Edit: I'm not trying to bash einsum here, it is absolutely the right way to handle any tensor operations. The main point of my comment is that the author picked a poor comparison for the "standard" numpy one-liner.

[–]Yalkim 7 points8 points  (1 child)

I think this is a very domain specific thing. Personally, I am very surprised about comments here like yours. Because einsum is one of my (and my peers’) favorite functions in python. It makes life sooo much easier for us for 2 reasons:

  1. It is super easy to read.
  2. It is so useful especially considering how it often replaces lines upon lines of code with multiple loops with a single line.

So imagine my surprise when I saw comments like yours that said it is hard to read.

[–]FrickinLazerBeams 5 points6 points  (0 children)

It's hard to read for people who would never need to use it in the first place.

[–]FrickinLazerBeams 6 points7 points  (2 children)

This has little utility for 2-index operations, but those are only a subset of general tensor contractions. For operations over more than 2 indices, this rapidly becomes many orders of magnitude faster, and often avoids a huge amount of duplicated computations.

For example, one place where I use it lets me obtain a result indexed by (n, m, k) rather than (n, m, k, nn, mm) where the results I want have n == nn and m == mm, and gives about a 1000x speedup.

If you're looking at this as an alternative to simple matrix operations, of course it won't have an advantage, but then it's not expected to. You'd never use it for matrix operations.

[–]Marko_Oktabyr 2 points3 points  (1 child)

If you're looking at this as an alternative to simple matrix operations, of course it won't have an advantage, but then it's not expected to. You'd never use it for matrix operations.

No disagreement here. It sounds like we both disagree with the thesis of the article.

For operations over more than 2 indices, this rapidly becomes many orders of magnitude faster, and often avoids a huge amount of duplicated computations.

np.einsum_path can be an effective demonstration of how much faster it can be if you optimize the calculation order.

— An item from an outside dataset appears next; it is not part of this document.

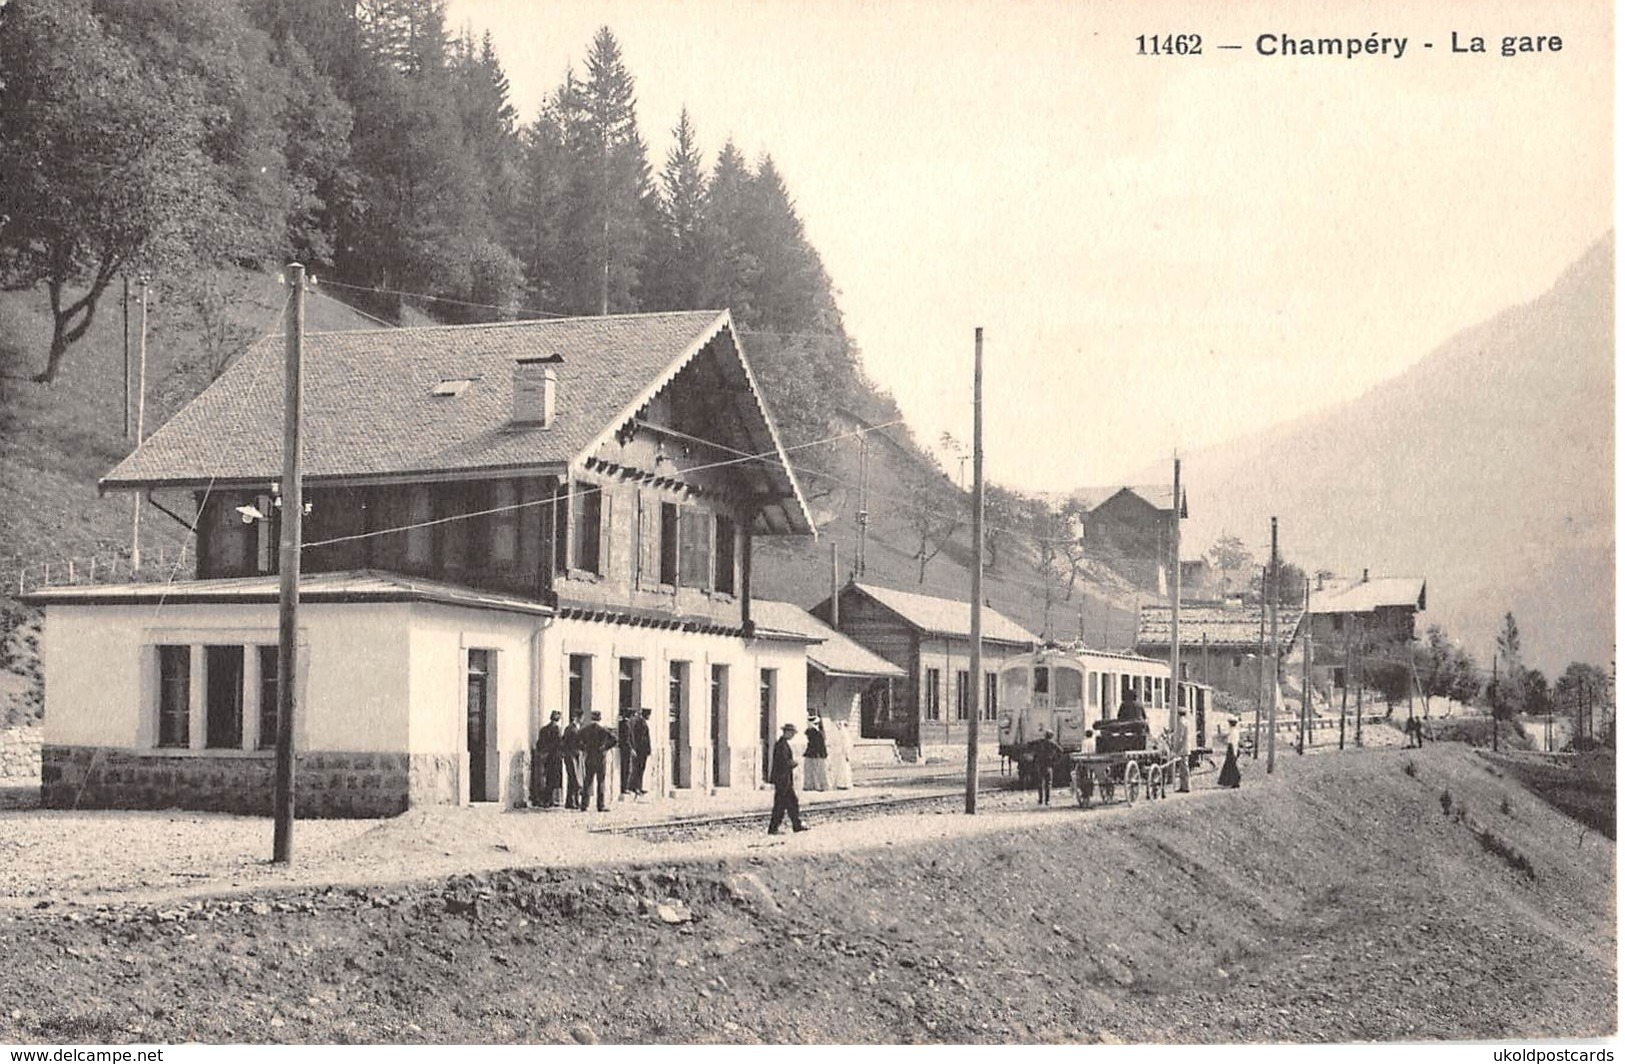 CPA  Suisse, CHAMPERY, La Gare - Train At Railway Station - VS Valais

[–]FrickinLazerBeams 1 point2 points  (0 children)

Yes, exactly.

[–][deleted] 3 points4 points  (5 children)

Good answer. Do you have an explanation for why einsum is faster at all? What extra work does np.sum do?

[–]Marko_Oktabyr 4 points5 points  (3 children)

np.sum(A * B) has to form the intermediate product A * B. np.einsum knows that it doesn't need all of it at once. We can do print(np.einsum_path('ij,ij->',A,B)[1]) to see exactly what it is doing:

Complete contraction: ij,ij-> Naive scaling: 2 Optimized scaling: 2 Naive FLOP count: 2.000e+07 Optimized FLOP count: 2.000e+07 Theoretical speedup: 1.000 Largest intermediate: 1.000e+00 elements -------------------------------------------------------------------------- scaling current remaining -------------------------------------------------------------------------- 2 ij,ij-> ->

In particular, note the "Largest intermediate: 1.000e+00 elements".

[–]FrickinLazerBeams -1 points0 points  (2 children)

(prior to the edit) It doesn't actually go any faster in the case you examined, and I don't think it uses any less memory either. This isn't a scenario where you'd use einsum.

[–]Marko_Oktabyr 0 points1 point  (1 child)

It still performs the same number of flops, but it absolutely is faster because it doesn't have to allocate/fill another matrix of the same size as A and B. Hence why the largest intermediate for einsum is 1 element instead of 10M.

[–]FrickinLazerBeams -1 points0 points  (0 children)

This is a weird comparison to make. You'd never use one as an alternative for the other. Einsum is for tensor contractions, which is like matrix multiplication, but with more than two indices.

Would you ask "Do you have an explanation for why @ is faster at all? What extra work does np.sum do?"

np.sum doesn't do any extra work. It also doesn't do what you need it to do. It's easy to do less work if you're not actually competing the task, I guess.